When the ESPYs decided to honor Jenner, the Olympic hero who came out as transgender in April, it set off an unprecedented backlash against what is normally the most innocuous, self-congratulatory of awards shows.

Some of the criticism came from those who believed Jenner didn’t deserve any more media attention because of her current fame. For better or worse, Jenner is now known as part of the Kardashian family, rather than for her past achievements as an Olympic gold medalist. The decision to hand her the award was even dismissed as a publicity stunt, a way to boost ratings for the ESPYs, which would be airing on ABC for the first time. NBC broadcaster Bob Costas, acting in his self-appointed role as the moral conscience of sports entertainment, called the move “a crass exploitation play, a tabloid play.”

Another criticism came from more socially conservative quarters. Some claimed that this was a competition that Jenner had “won,” and that in honoring Jenner, ESPN was somehow dishonoring other, more deserving, recipients. This argument persisted even after ESPN went on record to deny this was the case. Inevitably, many who followed this line of thinking responded with thinly veiled or outright transphobia.

In other words, there was a perfect storm of controversy, as the “LGBT community is the reason this country is going to hell” crowd and the “Kardashian family is the reason this country is going to hell” crowd joined forces. Partly because of this, and partly because the transgender community is still widely misunderstood, ESPN received far more resistance this year than they did when they gave the Arthur Ashe courage award to LGBT athletes Robin Roberts and Michael Sam in 2013 and 2014 respectively.

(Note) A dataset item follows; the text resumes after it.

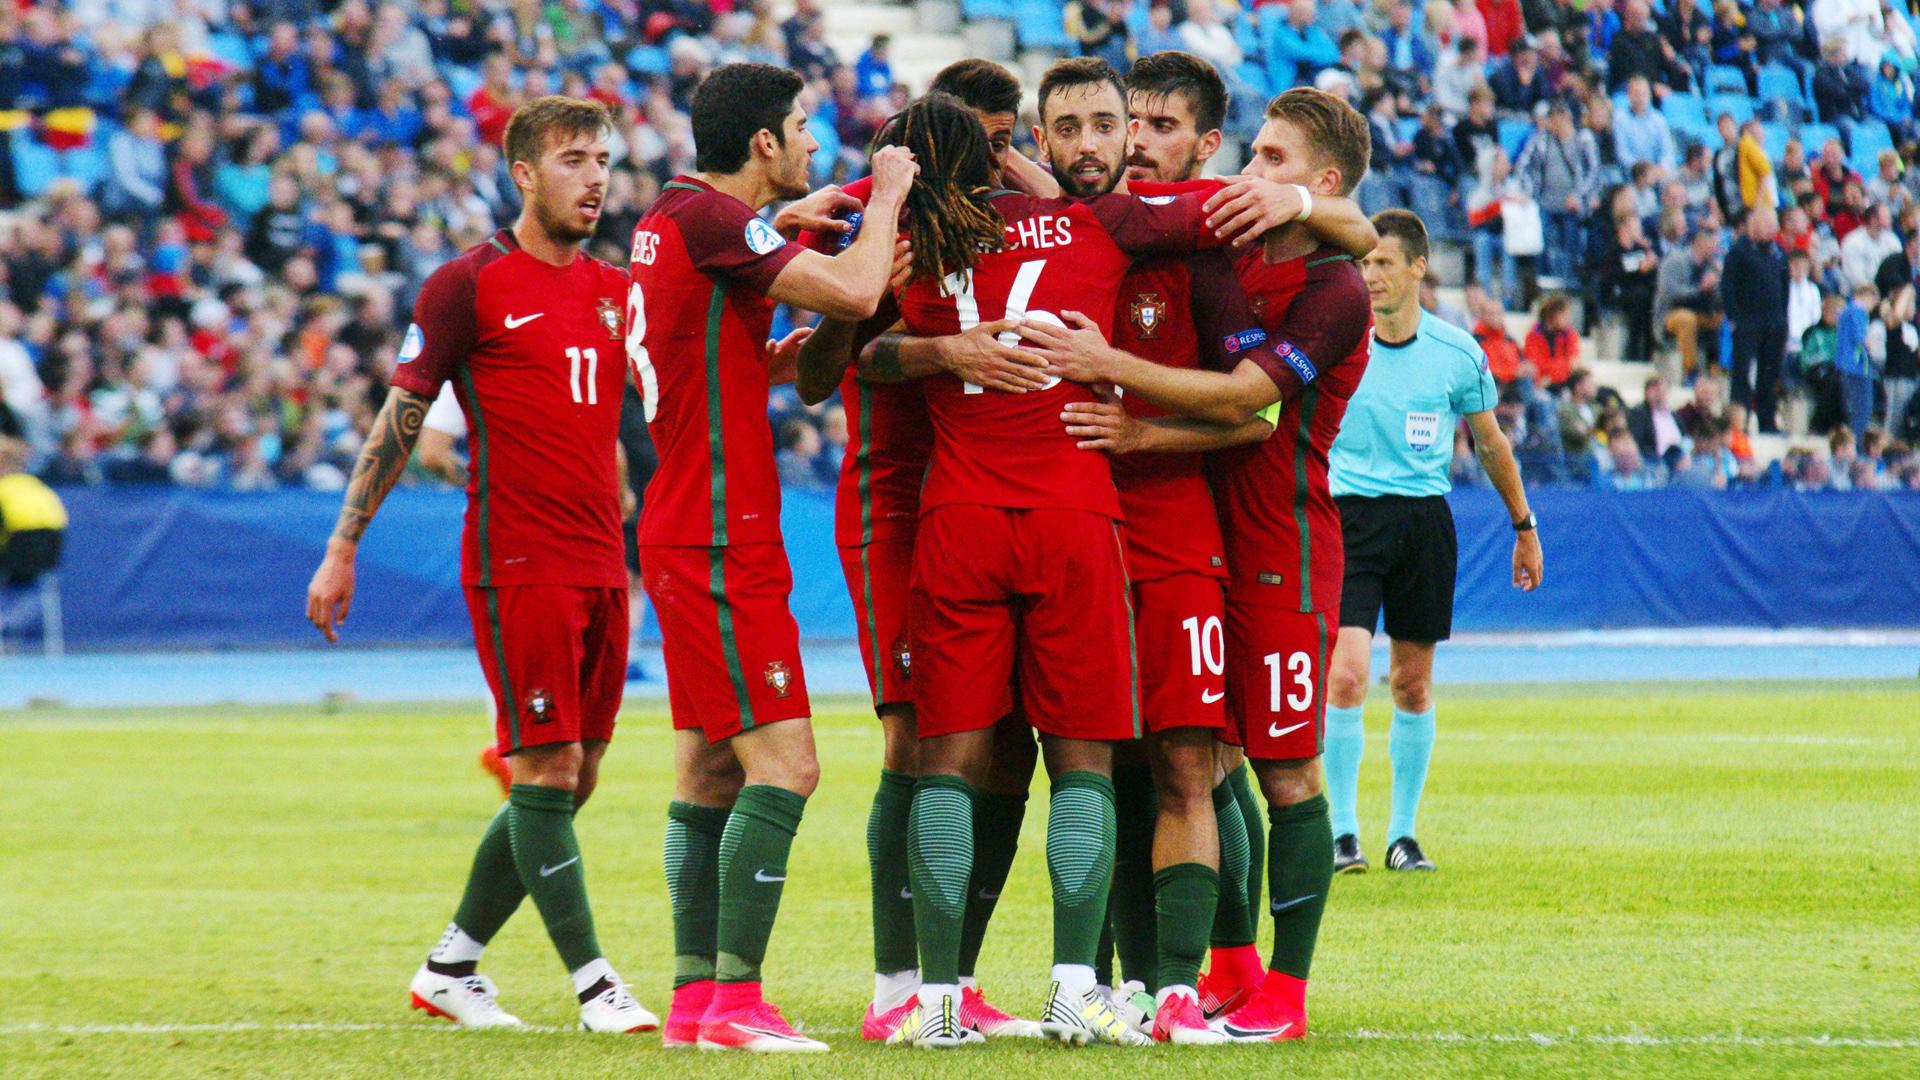 Le probabili formazioni di Serbia-Macedonia U21 - Sfida da dentro o fuori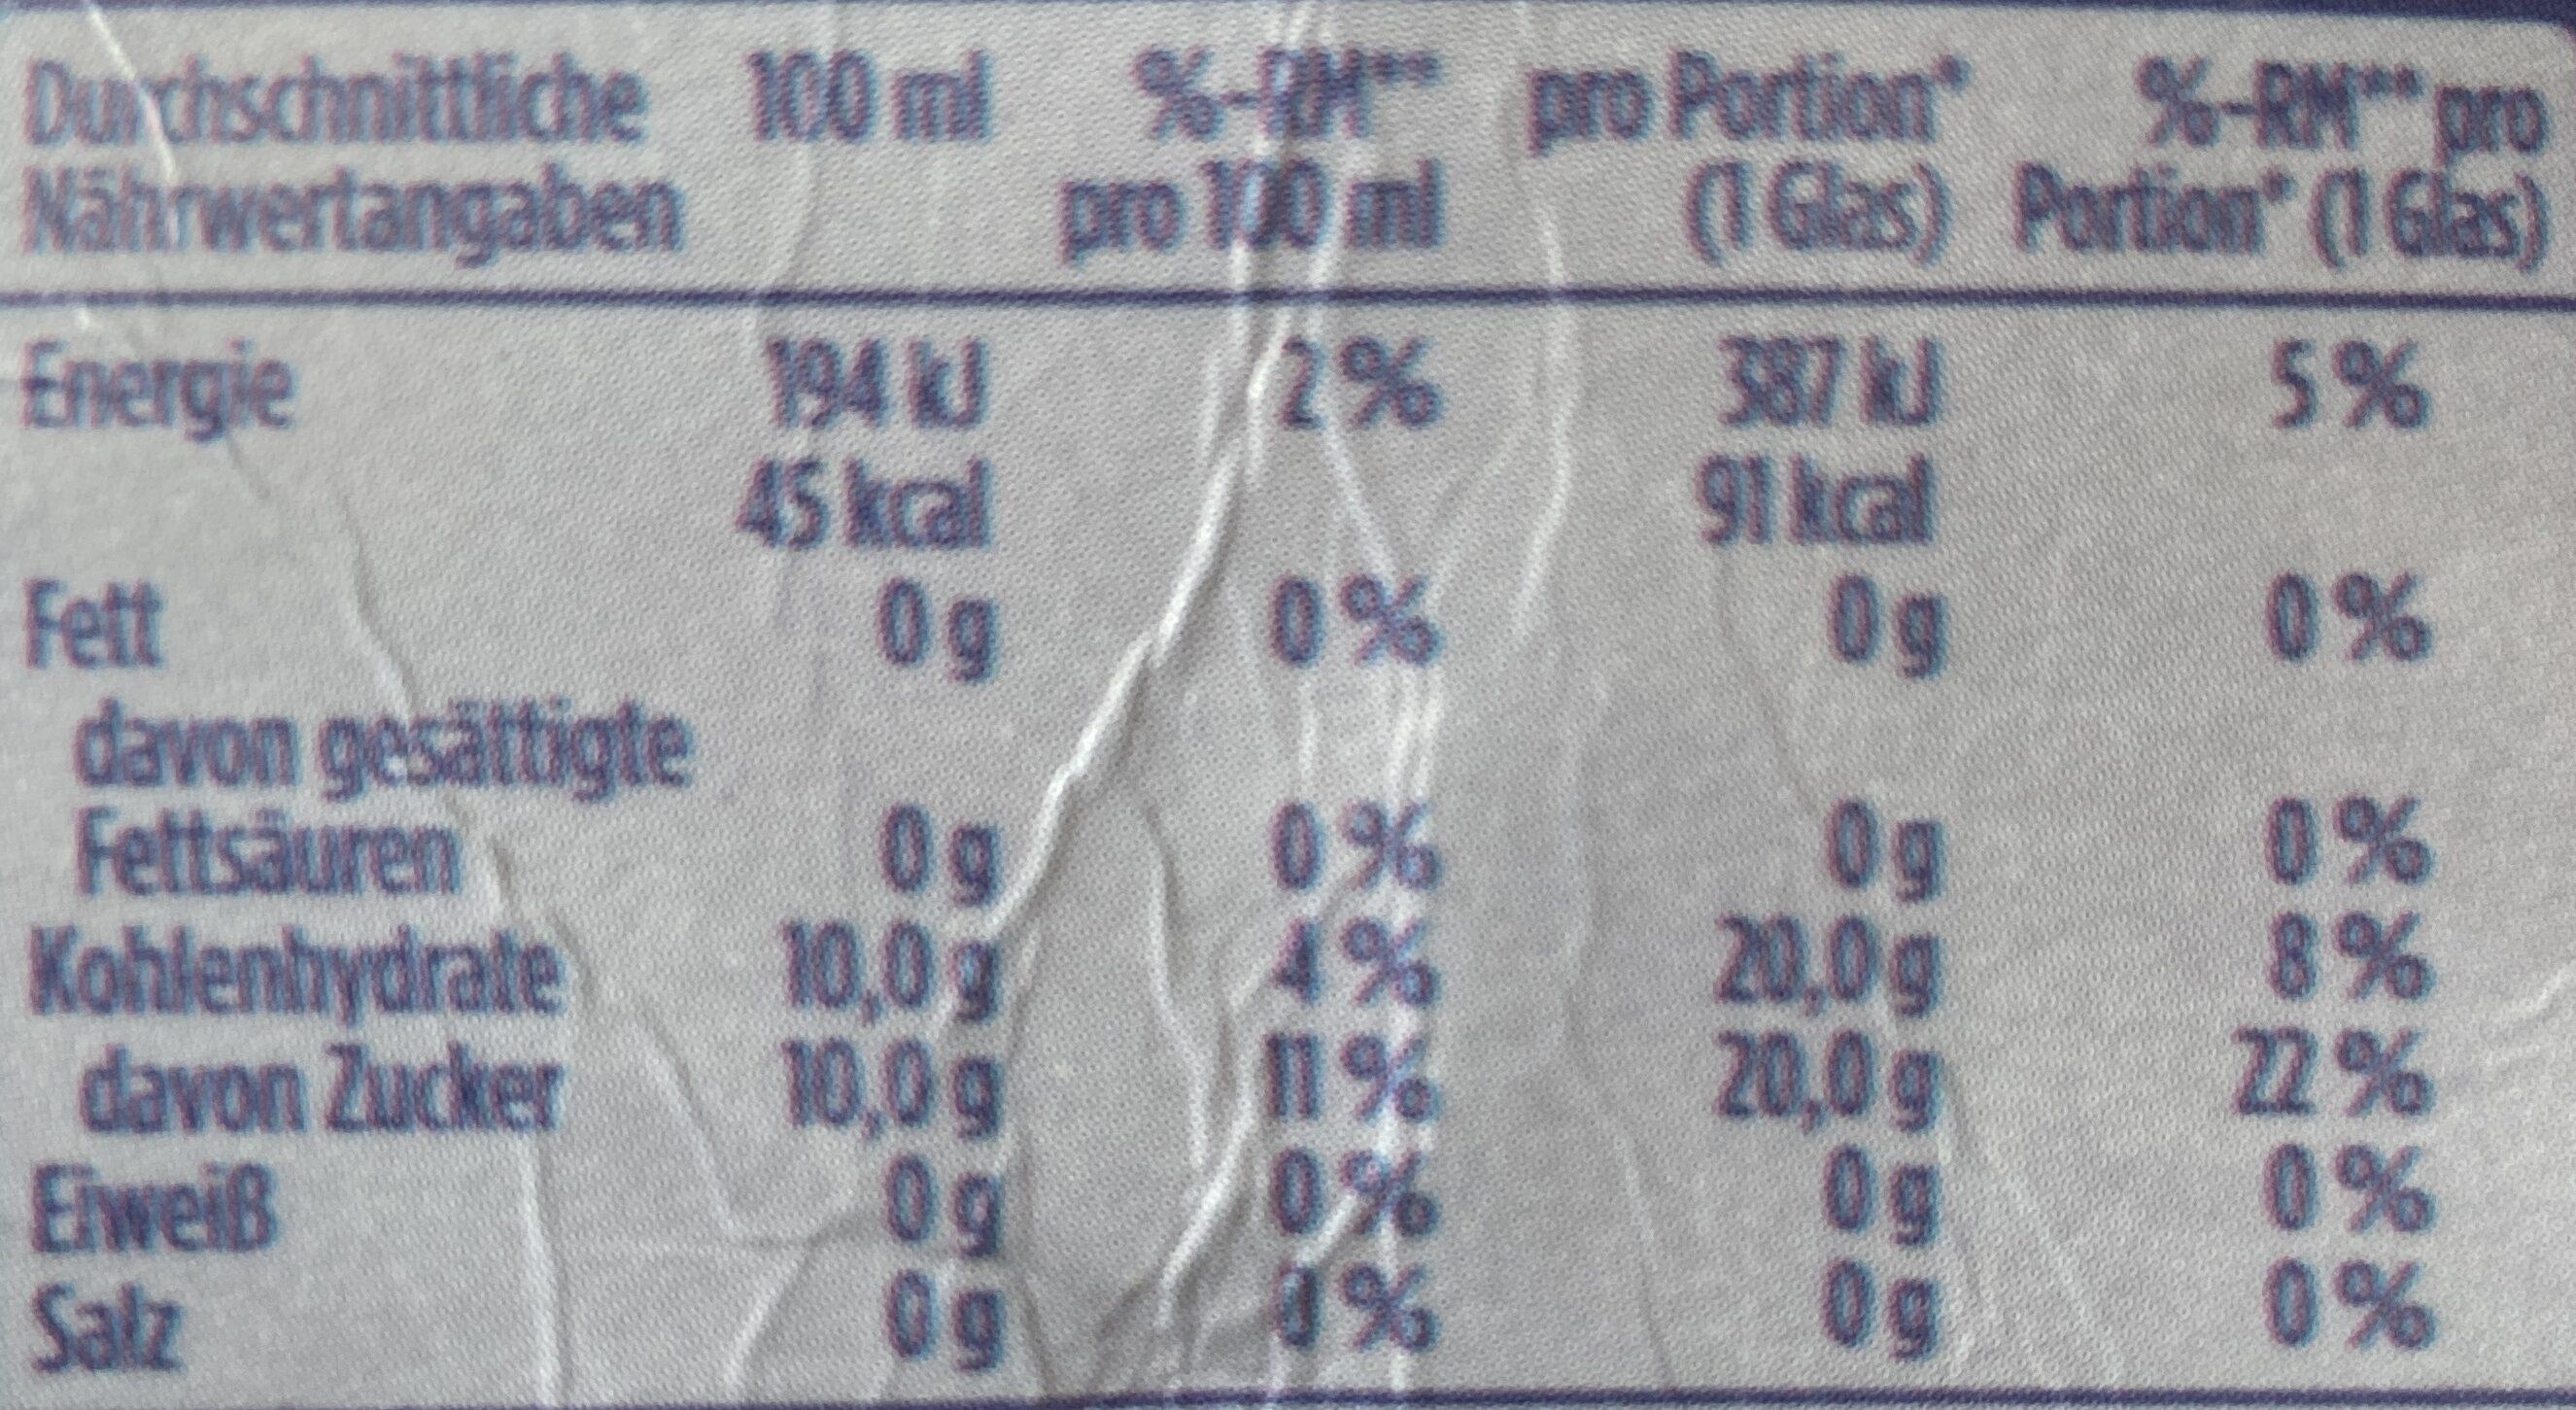 Schwarze Johannisbeere Nektar - Valori nutrizionali - de

It also probably didn’t help ESPN that it’s been a long time since Jenner has been recognized primarily as an athlete. Her early retirement from decathlon, along with years of Keeping Up with the Kardashians, have corroded the cultural memory of her achievements. A significant portion of ESPN’s audience weren’t even born, or were too young to remember, when her gold medal performance at the 1976 Montreal Olympics made her one of the most popular athletes in the country. For this reason, the soft-focus feature that played before Jenner’s acceptance speech began with her athletic career, before transitioning into a discussion about her battles with gender dysphoria.

Jenner’s actual speech was mostly focused on her personal journey and her growing awareness of the transgender community. Until her concluding thoughts, she only briefly touched upon sports, giving credit to pioneering tennis player Renée Richards at one point, and acknowledging “all of the young trans athletes who are out there.”

However, she did address sports in her speech’s conclusion, perhaps the highlight of the evening, and it was in the context of answering her critics. Starting with an acknowledgment that she has advantages that most trans individuals don’t, Jenner admitted that she was “fortunate” while crediting athletics for being not just responsible for that success but with her very survival:

It is an honor to have the word “courage” associated with my life, but this night another word comes to mind: “fortunate.” I owe a lot to sports. It has shown me the world. It’s given me an identity. If someone wanted to bully me, well, you know what? I was the MVP of the football team. That wasn’t going to be much of a problem. If you want to call me names, doubt my intention, the reality is, I can take it.

But for thousands of kids out there coming to term with who they are, they shouldn’t have to take it. So for the people out there wondering what this is all about, whether it’s about courage or controversy or publicity, I’ll tell you what it’s all about: It’s about what happens from here. It’s not about one person, it’s about thousands of people. It’s not just about me.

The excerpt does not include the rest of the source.